I have seen many patients who have had atrial fibrillation and sleep apnea. Shapira-Daniels and colleagues did a prospective study of 188 patients with atrial fibrillation without a history of sleep apnea who were referred for ablation.6 All patients had home sleep studies, and testing was consistent with sleep apnea in 82% of patients.

Kanagala and associates found that patients with untreated sleep apnea had a greater chance of recurrent atrial fibrillation after cardioversion.7 Recurrence of atrial fibrillation at 12 months was 82% in untreated OSA patients, higher than the 42% recurrence in the treated OSA group (P = .013) and the 53% recurrence in control patients.
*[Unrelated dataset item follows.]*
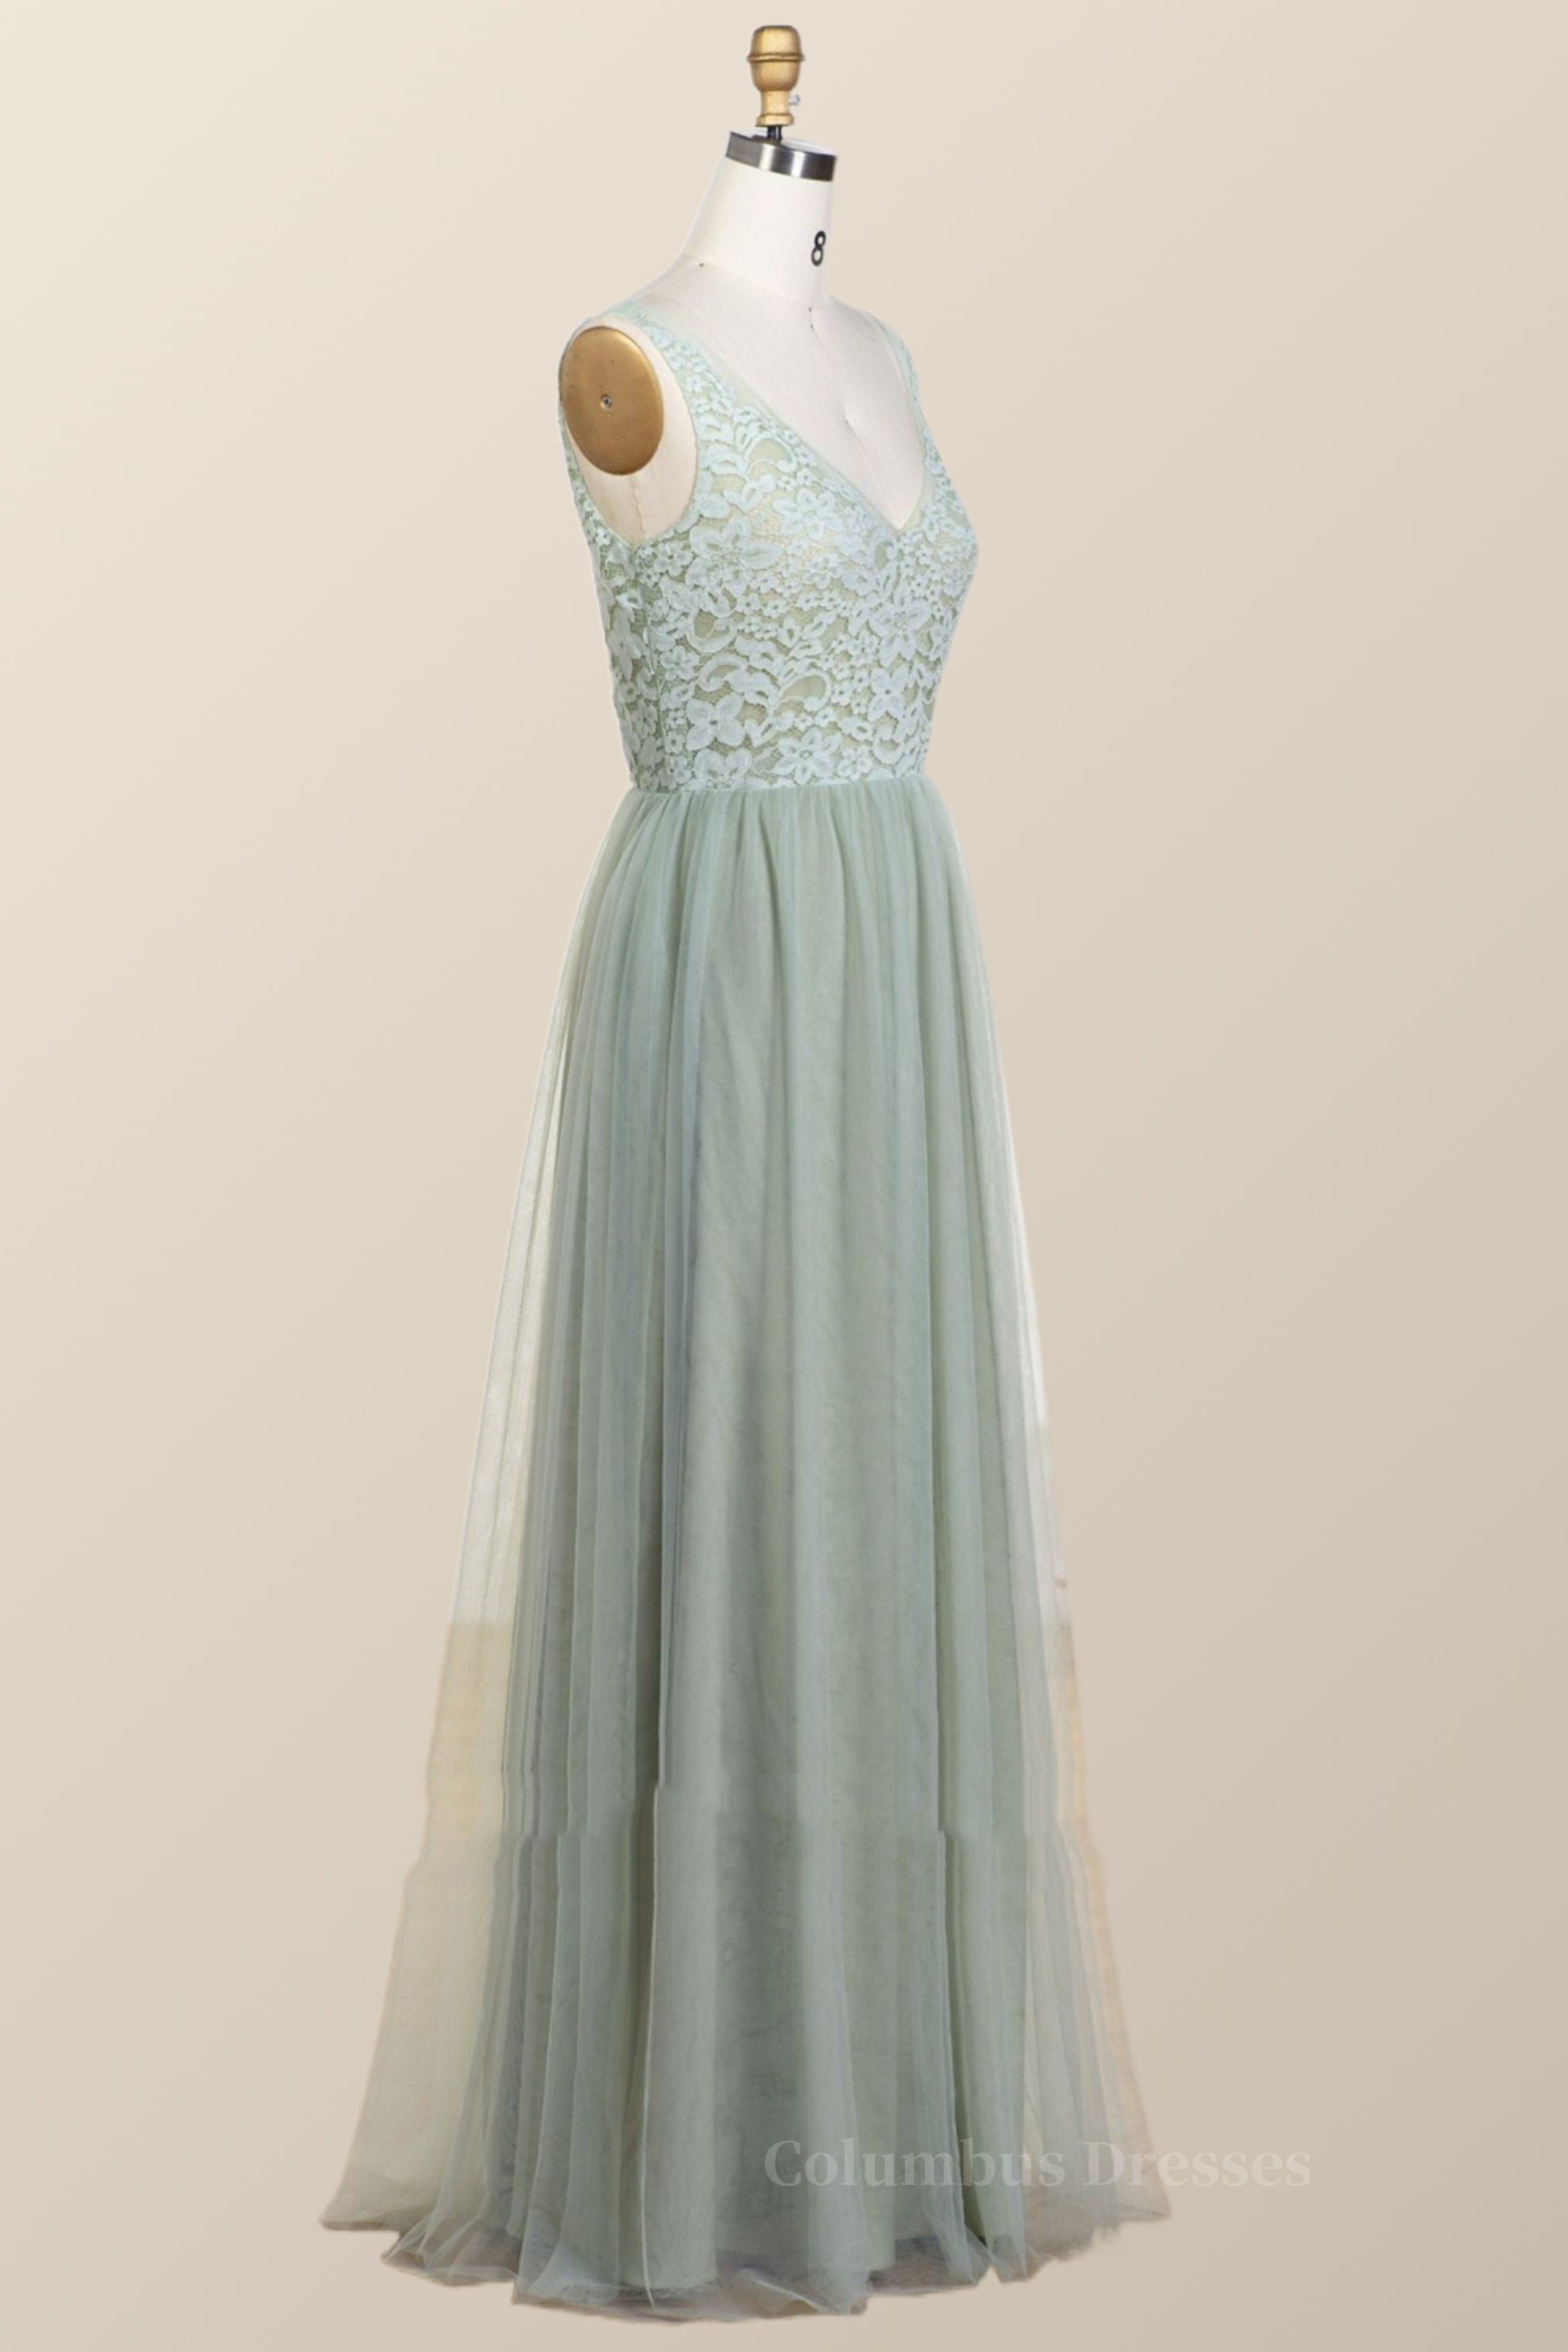 Homecoming Dresses Modest, Sage Green Lace and Tulle Long Bridesmaid Dress

I think sleep apnea evaluation should be strongly considered in patients with atrial fibrillation and should be done before referral for ablations.

Pearl: Consider sleep apnea as a possible cause of or contributing factor to the common primary care problems of cognitive concerns, nocturia, night sweats, and atrial fibrillation.

Dr. Paauw is professor of medicine in the division of general internal medicine at the University of Washington, Seattle, and serves as 3rd-year medical student clerkship director at the University of Washington. He is a member of the editorial advisory board of Internal Medicine News. Dr. Paauw has no conflicts to disclose. Contact him at [email protected].

References

1. Wallace A and Bucks RS. Memory and obstructive sleep apnea: a meta-analysis. Sleep. 2013;36(2):203. Epub 2013 Feb 1.

2. Olaithe M and Bucks RS. Executive dysfunction in OSA before and after treatment: a meta-analysis. Sleep. 2013;36(9):1297. Epub 2013 Sep 1.

3. Zhou J et al. Association between obstructive sleep apnea syndrome and nocturia: a meta-analysis. Sleep Breath. 2020 Dec;24(4):1293-8.

4. Miyauchi Y et al. Effect of the continuous positive airway pressure on the nocturnal urine volume or night-time frequency in patients with obstructive sleep apnea syndrome. Urology 2015;85:333.

5. Arnardottir ES et al. Nocturnal sweating–a common symptom of obstructive sleep apnoea: the Icelandic sleep apnoea cohort. BMJ Open. 2013 May 14;3(5):e002795. BMJ Open 2013;3:e002795

6. Shapira-Daniels A et al. Prevalence of undiagnosed sleep apnea in patients with atrial fibrillation and its impact on therapy. JACC Clin Electrophysiol. 2020;6(12):1499. Epub 2020 Aug 12.

7. Kanagala R et al. Obstructive sleep apnea and the recurrence of atrial fibrillation. Circulation. 2003;107(20):2589. Epub 2003 May 12.